Reporter Martin Schibbye and photographer Johan Persson were arrested with rebels from the Ogaden National Liberation Front after illegally entering from Somalia. Before his death last month, Prime Minister Meles Zenawi approved the release as part of traditional annual pardons for September 11, the Ethiopian New Year. A government source told the Reuters news agency that the journalists had been pardoned along with more than 1,900 other inmates.
"Right now I'm just very, very happy, and oh how we've waited for this day," Karin Schibbye; Martin's mother, told TT.
Authorities arrested the journalists in Ogaden, a remote southeastern region of Ethiopia populated mainly by ethnic Somalis, where the freelancers had gone to investigate a company affiliated with Sweden's Lundin Petroleum.
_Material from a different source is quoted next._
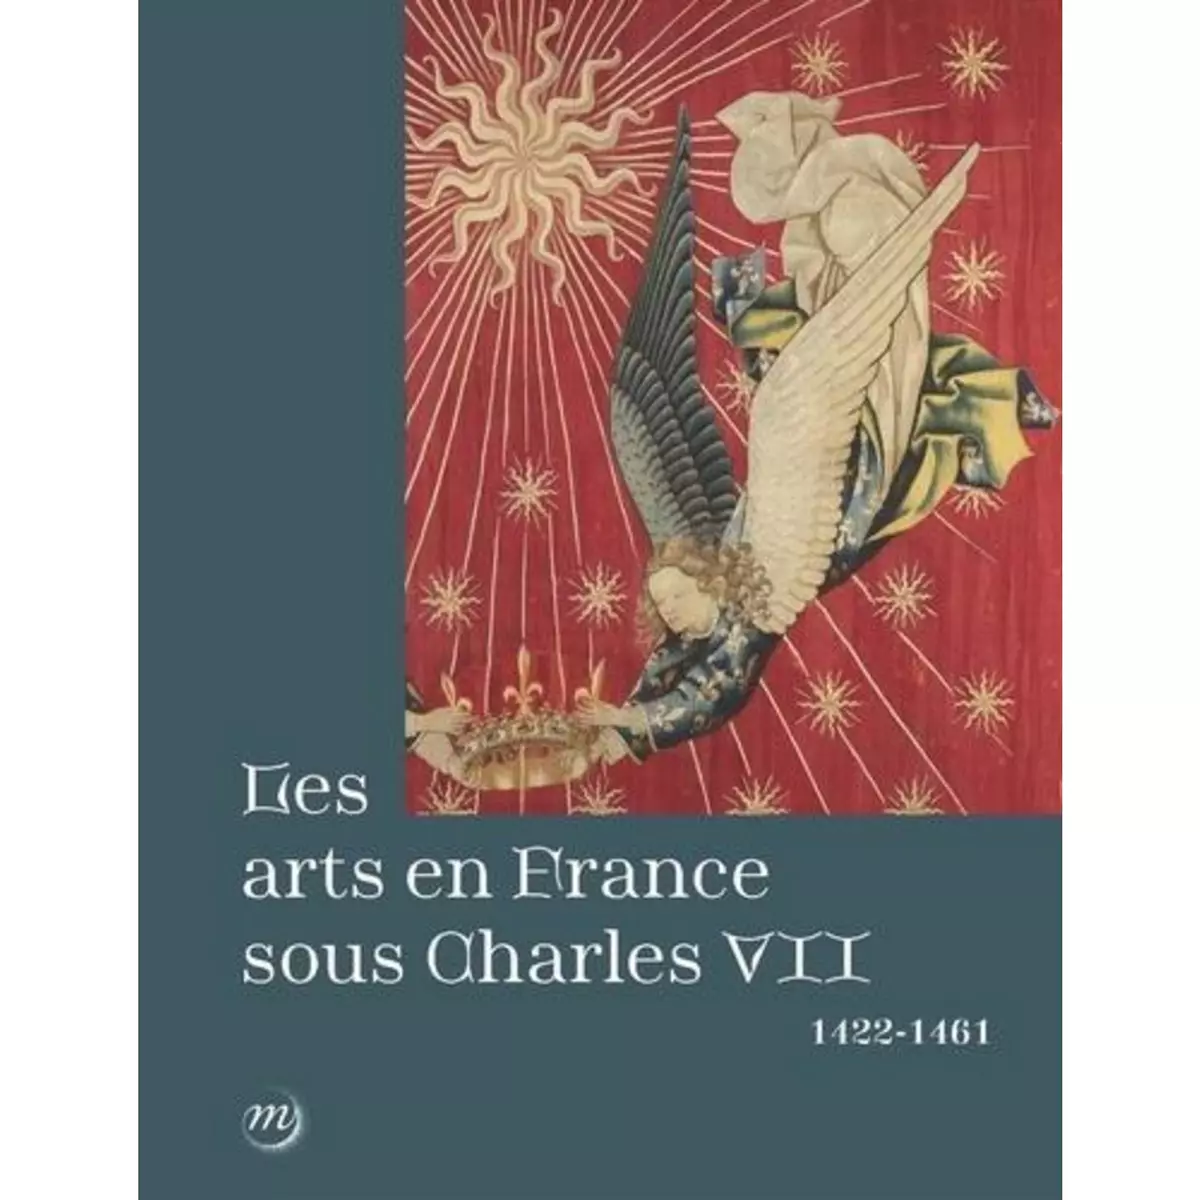  LES ARTS EN FRANCE SOUS CHARLES VII (1422-1461), Deldicque Mathieu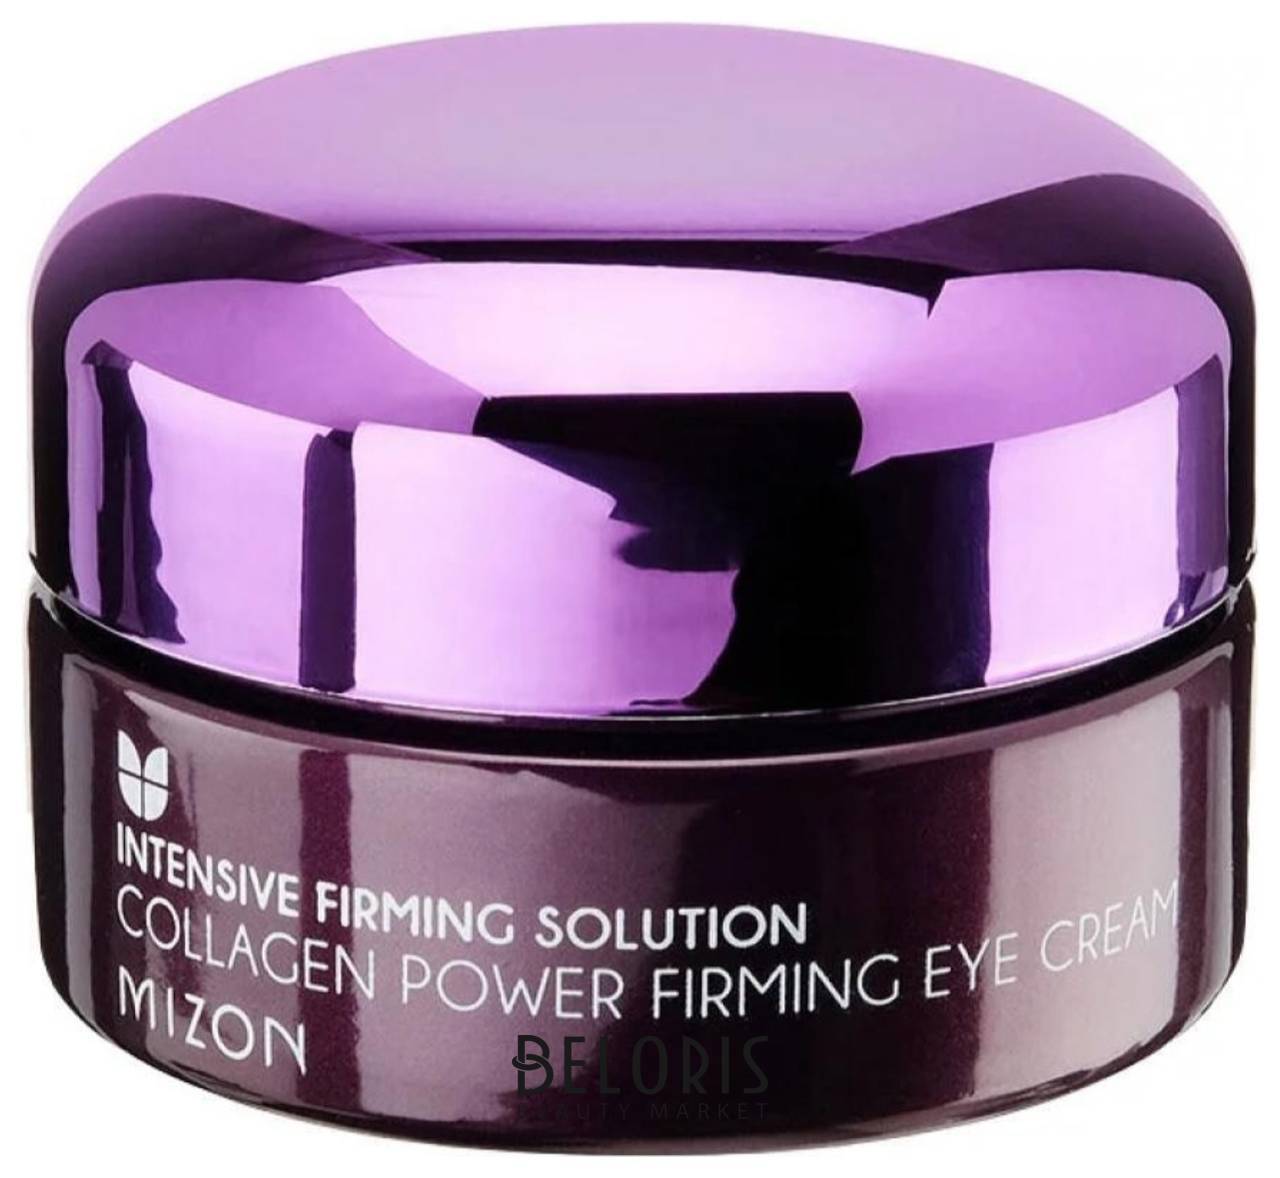 Коллагеновый крем для глаз Collagen Power Firming Eye Cream Mizon

The court did find that the journalists had not been involved in carrying out any attacks. Some of Ethiopia's allies, including the European Union and United States, expressed concerns about the verdict.
Human rights abuses
Human rights groups call Ethiopia's anti-terror law vague and indiscriminate. The country has detained about 150 people, including 10 reporters, since passing legislation in 2009 to deal with rebel groups that have links to al Qaeda and Eritrea.
There is still no news about Ethiopian journalists detained under the anti-terror law. The Committee to Protect Journalists calls Ethiopia's press laws some of the world's most restrictive. Seventy-nine reporters and editors have been forced into exile since 2001.
In July alone Ethiopia sentenced a prominent blogger and five other exiled journalists to between eight years and life on charges of conspiring with rebels.